Stress often kicks in due to a situation we can see and comprehend — we tend to know what we’re dealing with and what’s stressing us out. Anxiety, on the other hand, is a visceral feeling that can linger, and it is not always clear why it’s happening. While the terms are often used interchangeably, they are very different states.

To understand why we feel stressed, it’s helpful to understand the role of the amygdala, essentially 2 almond-sized processing chips in the brain that govern our senses, decisions, and moods.

The amygdala works like our emotional thermostat and regulates our reaction to certain forces like stress and fear. Based on the level of threat it senses, it either remains on a cool and calm setting, cranks up like it’s supposed to in reaction to normal stressors, or it may overheat when we feel overstimulated, making us irrational and reactive.

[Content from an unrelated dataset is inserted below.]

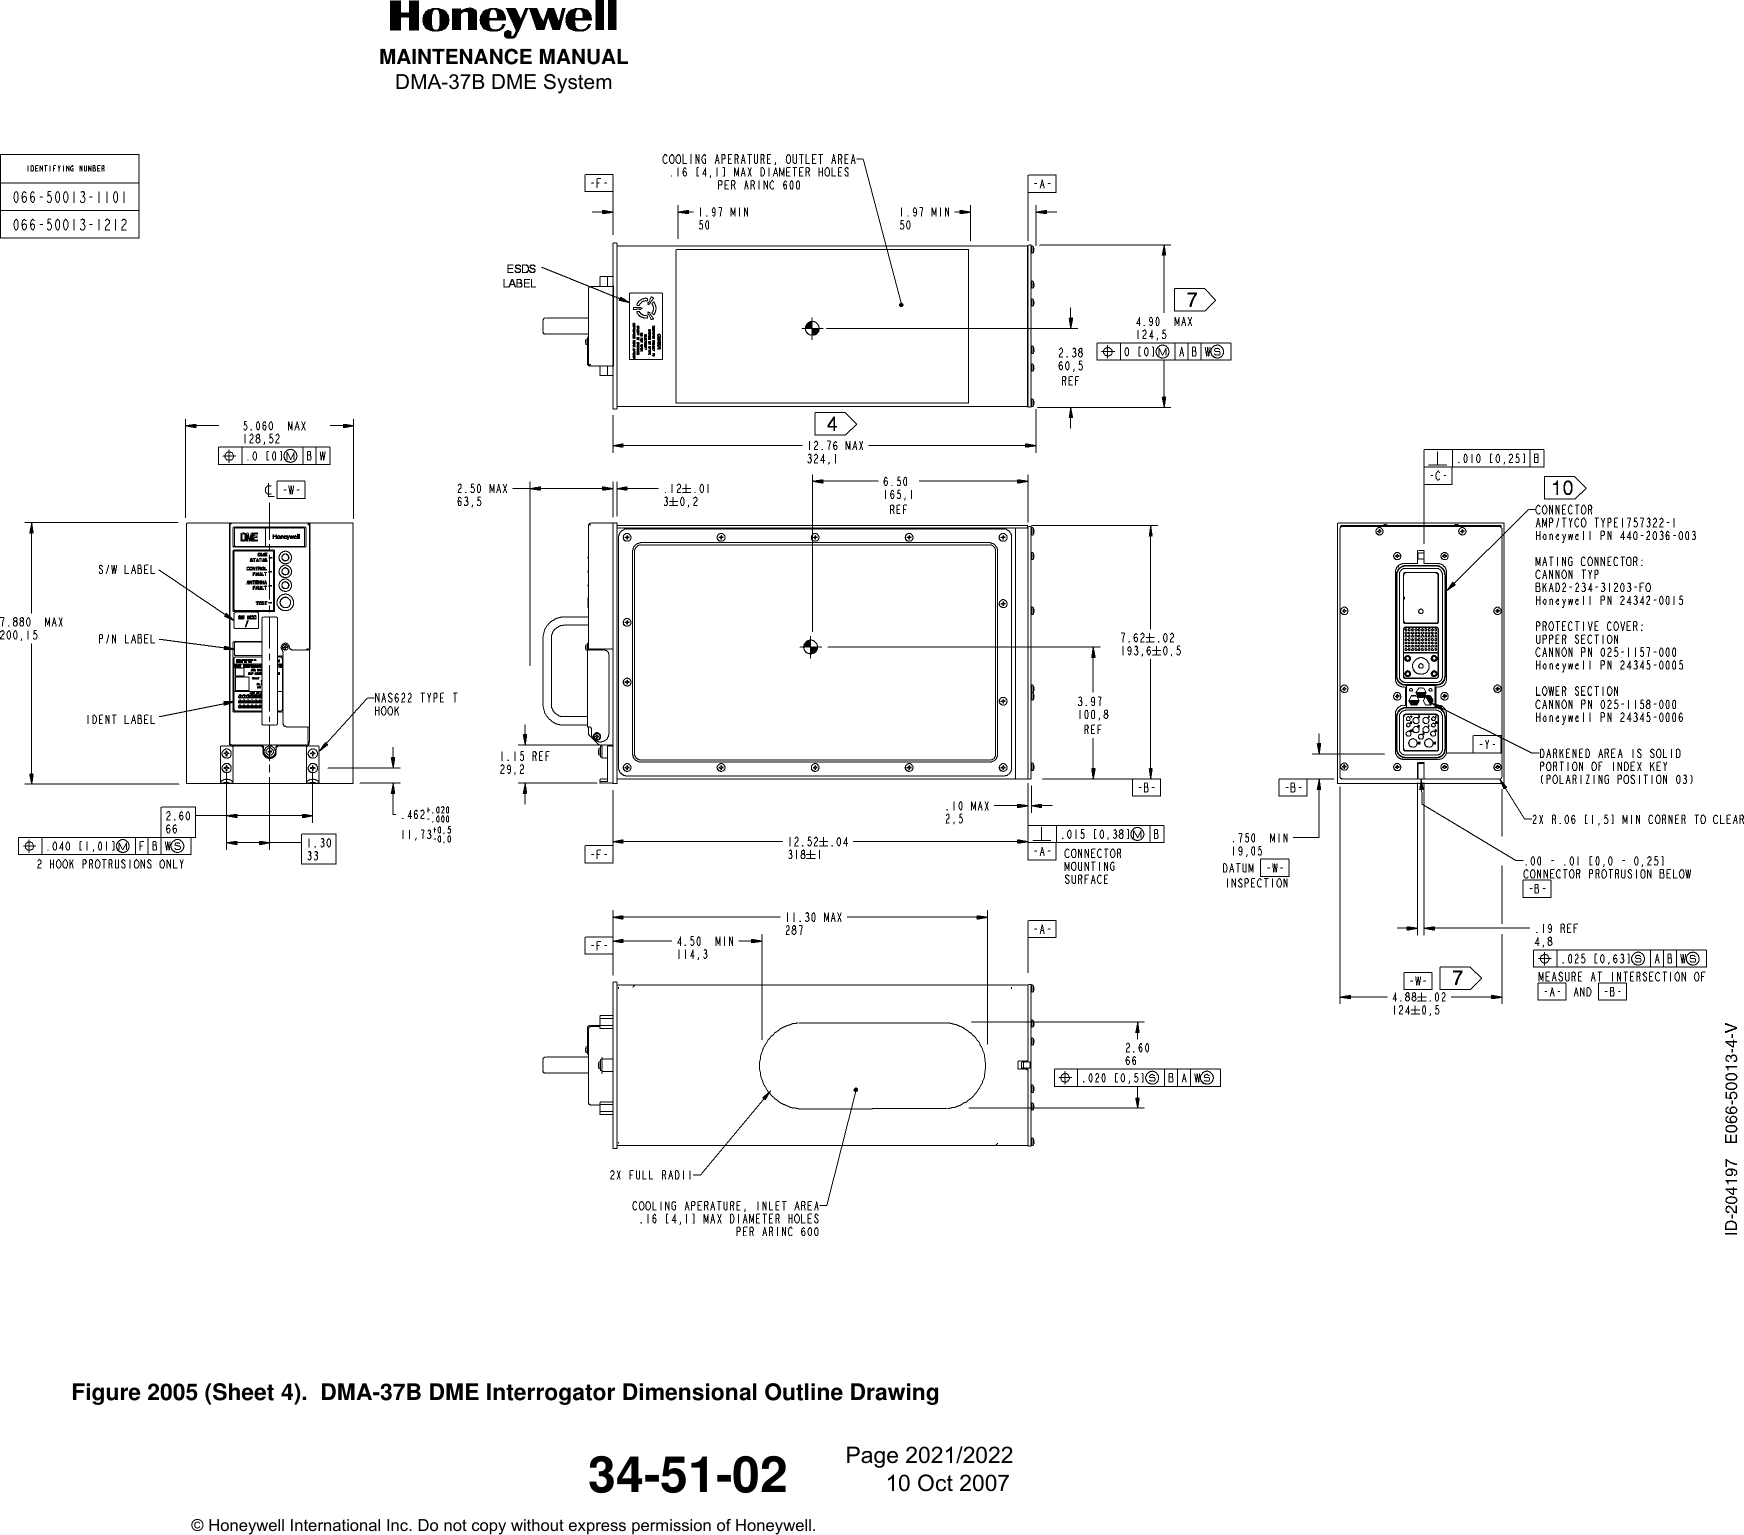 10 Oct 200734-51-02MAINTENANCE MANUALDMA-37B DME System© Honeywell International Inc. Do not copy without express permission of Honeywell.Figure 2005 (Sheet 4).  DMA-37B DME Interrogator Dimensional Outline DrawingPage 2021/2022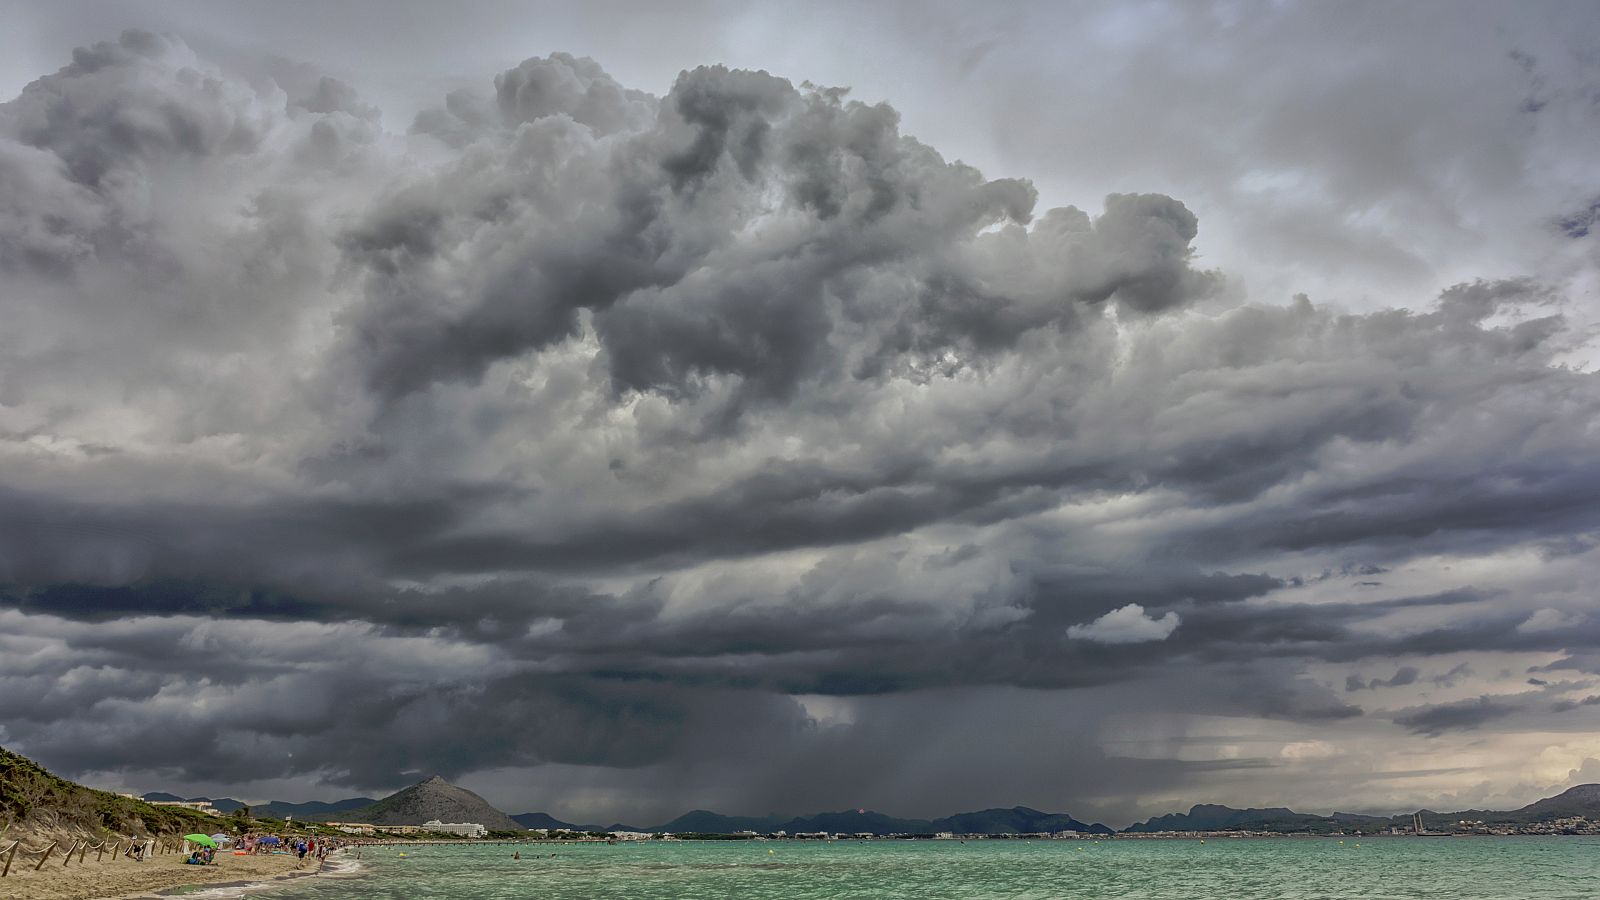 Fuerte tormenta en una playa de la isla de Mallorca.

In evolutionary terms, the amygdala has always been a great asset for alerting us to life-and-death situations — like an approaching wild animal — and triggering our fight or flight response. But in modern times, it has been conditioned to react in a similar way to day-to-day causes of stress, so an approaching deadline can start to feel just as threatening as a hungry wolf.

What’s more, the drip, drip, drip effect of stress actually reshapes the structure and neural pathways of our brain — a process called neuroplasticity. In other words, the brain gets reprogrammed by the experiences it is continually subjected to.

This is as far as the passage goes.